You said: “The political, environmental, and financial headwinds Apple faced during its time to create the iPhone were exponentially more difficult than Tesla's.“

I brought attention to this and showed how ridiculous of an assertion it was.

And now you're saying: "I'm not comparing Apple to Tesla. The parent article is. And I'm trying to point out how utterly silly the comparison is."

The other quotes you've added are all irrelevant. You're all over the place. Give it a rest and come back when you have a properly thought out point to make with some evidence to support it.

You did say it was ridiculous, but never proved it. Apple may have had money in the bank but selling a luxury product in the middle of a financial crisis was an up hill battle.

Consumer confidence was at all time lows and disposable income saw the biggest drop since the great depression. People were more concerned about whether they'd still have a job and savings rates upticked dramatically while salaries fell.

Have you looked at Apple's performance during that time period? As I pointed out in my previous post, Apple was sitting on $25B in cash in 2008. Additionally, their annual revenue nearly tripled and their profit quadrupled from 2007-2010. That's not an up hill battle.

All your talk about the economic environment during the recession is irrelevant because Apple had $25B cash in the bank and the iPhone was a hit, even though it was a luxury item being sold during the recession. The massive scale of their business and their overall success insulated them from the larger ramifications of the economic downturn. Tesla is operating in the opposite economic environment today, but they are not as financially surefooted as Apple was during the launch of the iPhone. So, to get back to the point, to claim that the financial challenges Apple faced bringing the iPhone to market were exponentially more difficult than Tesla's, just isn't true.
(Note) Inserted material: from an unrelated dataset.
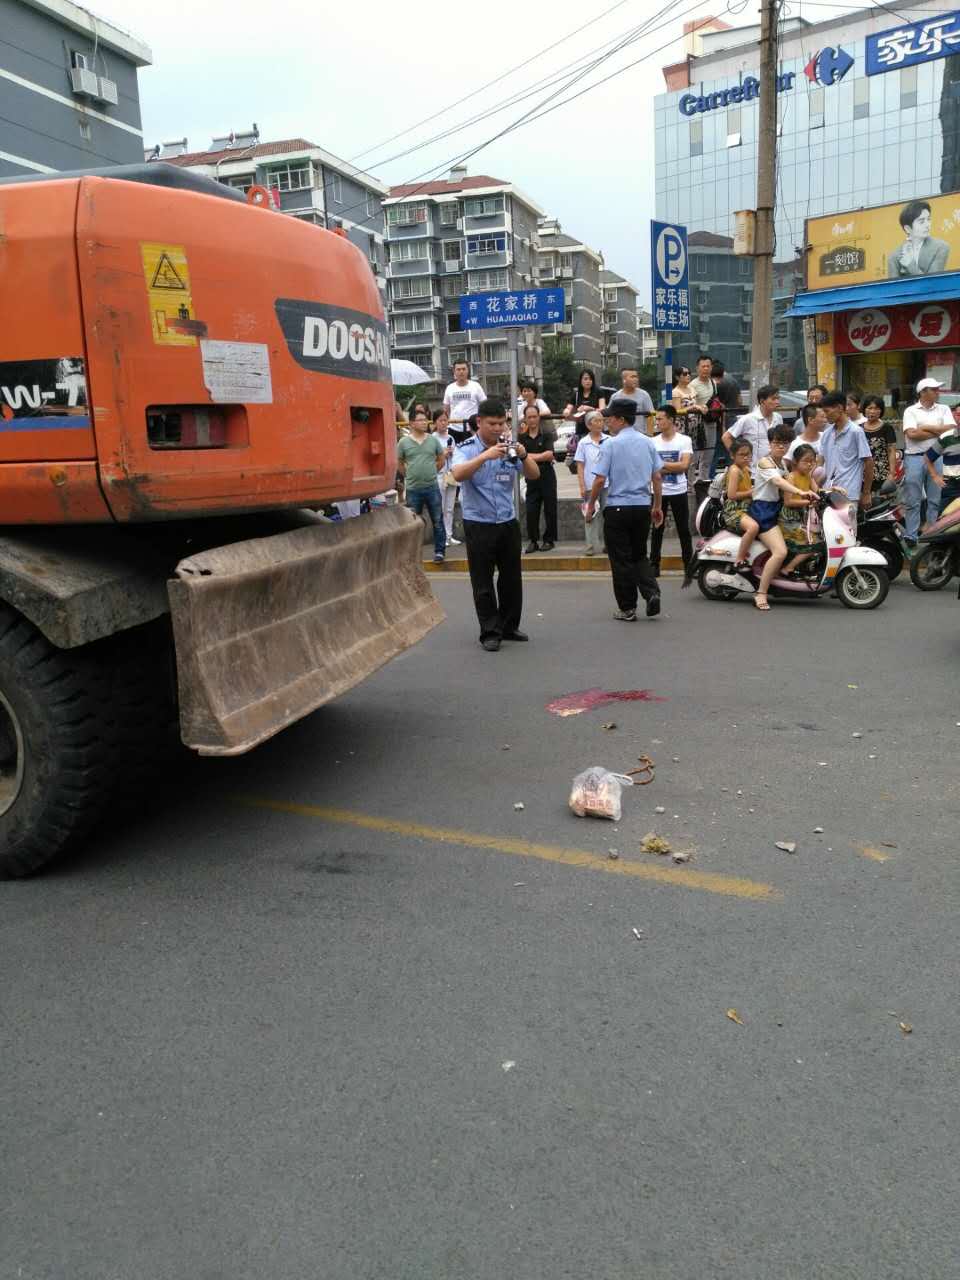 8月21日南京市发生一起挖掘机上路安全事故 致一男子被碾压死亡

Yes and making the iPhone a hit is a lot harder when your customers don't have any money to spend.

Nobody is saying Apple couldn't afford the R&D to build the physical phones.

It's not harder when you have $25B in cash to spend on fancy marketing, advertising, promotion etc. Do you not understand how massive of an advantage that is? It effectively makes you recession proof. Additionally, you can look at Apple's financials to see that they had no problem selling millions of iPhones through the recession. In fact Q4 of 2009 was their most profitable quarter ever (up until that point) which was the tail end of the recession. It was a radically successful launch by all metrics.

Any way you look at it, launching the iPhone, given Apple's cash, marketing muscle, and hw/sw expertise, wasn't as challenging (even in a recession)as bringing an electric vehicle to market and it by no means was "exponentially more difficult" – in the words of the OP.

I don't have anything more to add to this discussion. I think it's clear that the OP's claim is incredibly uninformed and wildly inaccurate.